In this study the radon and radium concentration, surface and mass exhalation rates, annual effective dose and alpha index for 20 of building material samples frequently used in Aden governorate, Yemen were measured. The can technique, containing CR-39, was used. The radon concentration activity of the samples was found to vary from 50.71 to 525 Bq m-3 with an average of 163.26 Bq m-3. The radium concentration varied from 0.26 to 1.92 Bq kg−1, with an average of 0.67 Bq kg−1, The mass exhalation rates were found to vary from 1.95 to 14.5 mBq kg−1 h−1, with an average of 5.03 mBq kg−1 h−1, while the surface inhalation rates varied from 35.58 to 376 mBq m−2 h−1, with an average of 115.59 mBq m−2 h−1. The annual effective doses due to indoor uses varied from 1.42 to 14.77 mSv y−1, with an average of 4.58 mSv y−1. The alpha index was found to vary from 0.0017 to 0.0096 Bq kg−1, with an average of 0.0033 Bq kg−1. The results of this study show that the values obtained for all samples were within the internationally accepted recommended values. Therefore, these samples can be used as building materials as they do not pose a major risk to humans.

Key Words: Radon exhalation rate, CR-39, Can technique, Building materials, Annual effective dose.

عنوان البحث

دراسة انبعاث الرادون من مواد البناء باستخدام كواشف المسارات النووية الصلبة CR-39

انور خضر محمد بدر1,*, محمود عيسى احمد2

1قسم الفيزياء, كلية التربية يافع, جامعة عدن, عدن, اليمن

2قسم الفيزياء, كلية التربية زنجبار, جامعة ابين

الباحث الممثل: انور خضر محمد بدر؛ البريد الالكتروني: anwarhdr@gmail.com

HNSJ, 2022, 3(2); https://doi.org/10.53796/hnsj3222

تاريخ النشر: 01/02/2022م تاريخ القبول: 25/01/2022م

المستخلص

في هذه الدراسة قمنا بقياس تراكيز الرادون والراديوم وكذا قياس نسبة الانبعاث السطحي والكتلي للرادون والجرعة الفعالة السنوية ودليل الفا لعشرين عينة من مواد البناء المختلفة المستخدمة في محافظة عدن, الجمهورية اليمنية. باستخدام تقنية العلب المغلقة التي تحتوي على كاشف المسار النوويCR-39 . وقد وجد أن تركيز غاز الرادون يتراوح في العينات ما بين Bq m-3 50.71 إلى Bq m-3 525, بمعدل.26 Bq m-3163 وتركيز الراديوم يتراوح ما بين Bq kg−1 0.26 إلى Bq kg−11.92, بمعدل Bq kg−1 0.67 وكذلك الانبعاث الكتلي يتراوح ما بين mBq kg-1 h-1 1.95 إلى mBq kg−1 h−114.5, بمعدل mBq kg−1 h−1 5.03 بينما الانبعاث السطحي يتراوح ما بين mBq m−2 h−1 35.58 إلى mBq m−2 h−1 376, بمعدل mBq m−2 h−1 115.59, وأيضاً الجرعة الفعالة السنوية تتراوح ما بين mSv y−11.42 إلى mSv y−114.77, بمعدل mSv y−1 4.58. أما دليل الفا فيتراوح ما بين Bq kg−10.0017 إلى Bq kg−1 0.0096, بمعدل Bq kg−10.0033. النتائج في هذه الدراسة تثبت أن كل القيم الحاصل عليها تقع ضمن القيم الموصى بها والمقبولة عالمياً. لذا فإن هذه العينات يمكن أن تستخدم كمواد بناء ولا تشكل خطراً كبيراً على الإنسان.

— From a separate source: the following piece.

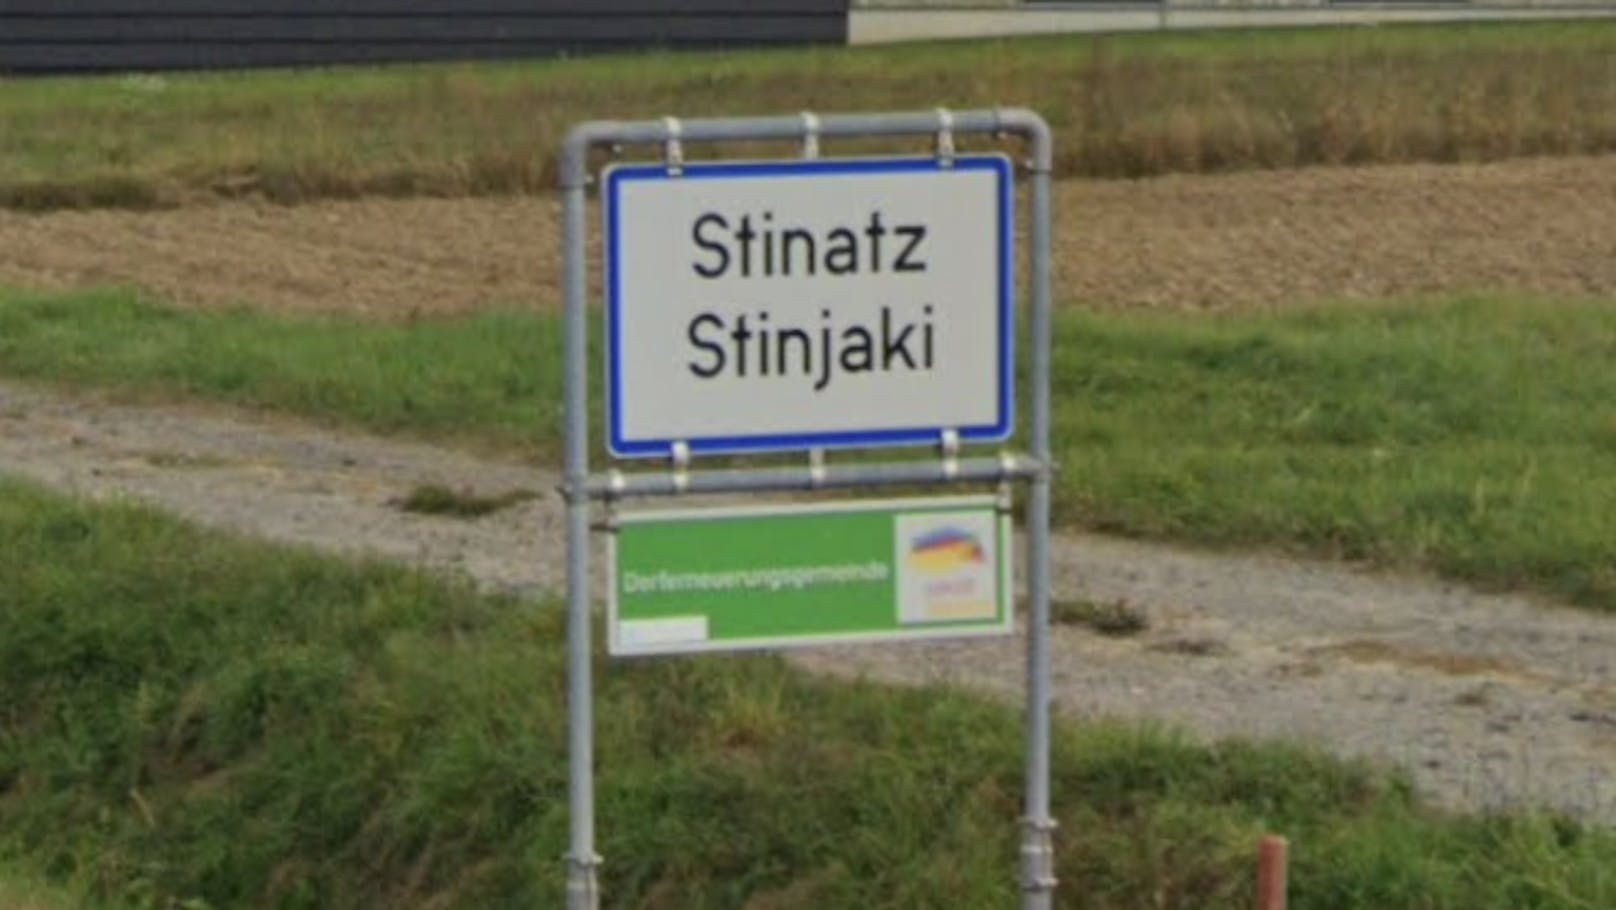 Ortstafel von Stinatz gestohlen – Polizei rätselt

الكلمات المفتاحية: نسبة انبعاث الرادون, كاشف الاثر CR-39 , تقنية العلبة المغلقة , مواد البناء, الجرعة الفعالة

1- INTRODUCTION

Scientists consider the process of the measurement of radon exhalation rates from building materials were becoming of a great interest as long as exposure levels to the populations is a disturbing problem. More than 40% of the activities take place indoors, and more than 40% of the background radiation is coming from radon and its daughters. The main source of radon in air inside dwellings is due to the emanation from building materials [1].

Radon is a colorless, odorless, tasteless, non-flammable and α-radioactive gas. Therefore it cannot be detected with human senses. Its melting point is -70 °C and boiling point is -60.8 °C. Radon has the highest gas density of ~ 9.96kg.m-3 and is about seven times heavier than air. Being a noble gas, it has greater ability to migrate freely through soil, air, etc. [2]. Radon is a naturally occurring radioactive gas that is formed by the decay of radium. Radon is found in all types of rocks, soils and building materials. Among all isotopes of radon, 222Rn, with a half-life of 3.8 days, is considered the predominant hazardous radionuclide. Prolonged exposure to radon may increase the risk of lung cancer [3].

Uranium and radium are the two elements that form building materials made from stone and sand, and they generate radon. Many of these materials, such as brick, wallboard or concrete are sufficiently porous to allow the radon to escape into the air. The diffusion of 222Rn from building material is influenced by moisture content of the material, density, the presence of sealants, the material itself and the nature of the substances with which it is mixed [4]. The International Commission for Radiological Protection has suggested that areas where 1% or more of the building have indoor radon concentration higher than the 10 times of national average should be considered as ”radon prone” areas. The radon concentration value ranges of 500–1500 and 200–600 Bq m-3 for work places and dwellings, respectively, are also recommended; those concentrations do not pose a significant risk for workers and populations [5].

It is perhaps difficult and expensive to study the radon emanation from building materials by using electronic equipment; because the low level of emanation from the material long term measurements are essential and very few can be made in a reasonable time, so the method based on the use of solid state nuclear tracks detectors (SSNTD) is probably the most widely applied for long term radon measurements [6].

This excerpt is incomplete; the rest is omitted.